Canadian Forest Service Publications

Provincial Level Projection of the Current Mountain Pine Beetle Outbreak: An Overview of the model (BCMPB) and Draft Results of Year 1 of the Project. 2004. Eng, M.; Fall, A.; Hughes, J.; Shore, T.L.; Riel, W.G.; Hall, P. Natural Resources Canada, Canadian Forest Service, Pacific Forestry Centre, Victoria, BC. Mountain Pine Beetle Initiative Working Paper 2004-01. 39 p.

Year: 2004

Available from: Pacific Forestry Centre

Catalog ID: 24655

Language: English

Series: Mountain Pine Beetle Working Paper (PFC - Victoria)

CFS Availability: PDF (download)

Abstract

The BC Provincial Scale Mountain Pine Beetle Model (BCMPB) was developed as part of a two-year project to assess the impacts of mountain pine beetle outbreak and management interactions across the entire province. The model uses inputs from the forest cover inventory, management information, and mountain pine beetle provincial aerial overview maps. This report describes the BCMPB and the results of the first year of work.

A range of scenarios was examined to assess the expected impacts of the outbreak under current and alternative management regimes.
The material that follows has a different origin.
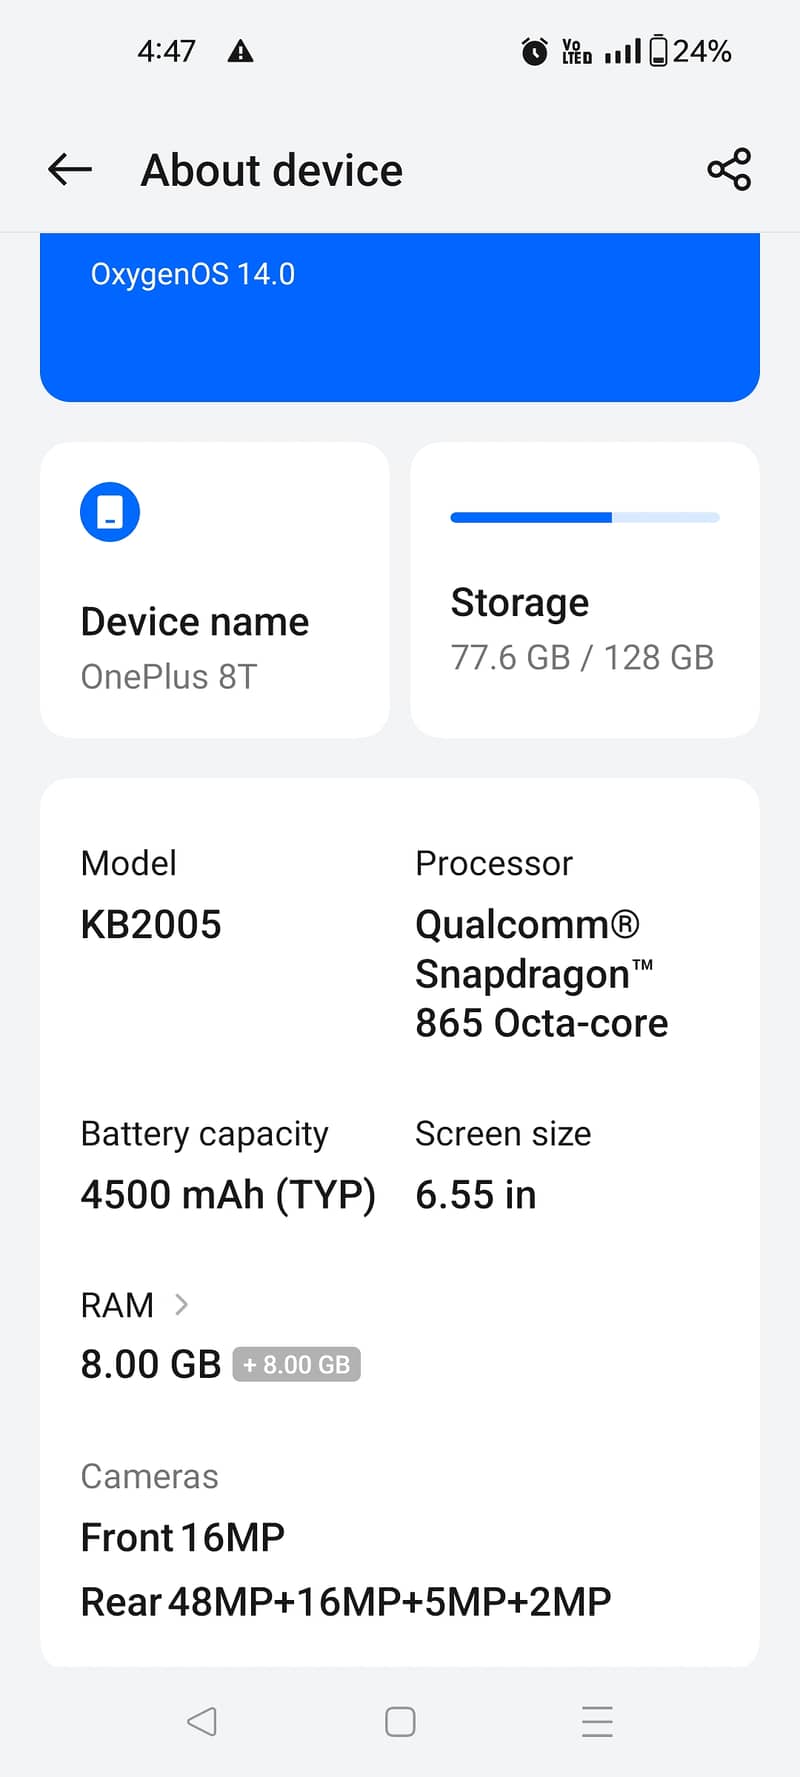 OnePlus 8t 8GB RAM 128 GB storage all ok 10 by 10 condition LCD per ek 7

The process of developing the BCMPB highlighted uncertainties in the "mountain pine beetle - forest management system" that make it difficult to provide exact and unequivocal conclusions. Nonetheless we can conclude the following:

The vast spatial extent of the outbreak implies that a weather-stopping event is unlikely. The model projects that the current outbreak will continue to grow for three to four more years and then gradually decline over a period of 10 or more years. The BCMPB projects, as a worst case, that virtually all of the mature pine susceptible to mountain pine beetle attack will be killed by 2020. We have no reason to expect that less than 80% of the pine will be affected.

Forest management, as modeled, does not alter the spatial and temporal characteristics of the outbreak on the provincial scale. Forest management has the potential to reduce the volumes killed by beetles by increasing the volume of green pine that is harvested. Focusing harvesting on salvage has the potential to reduce non-recovered losses.

Refinements of the BCMPB are ongoing.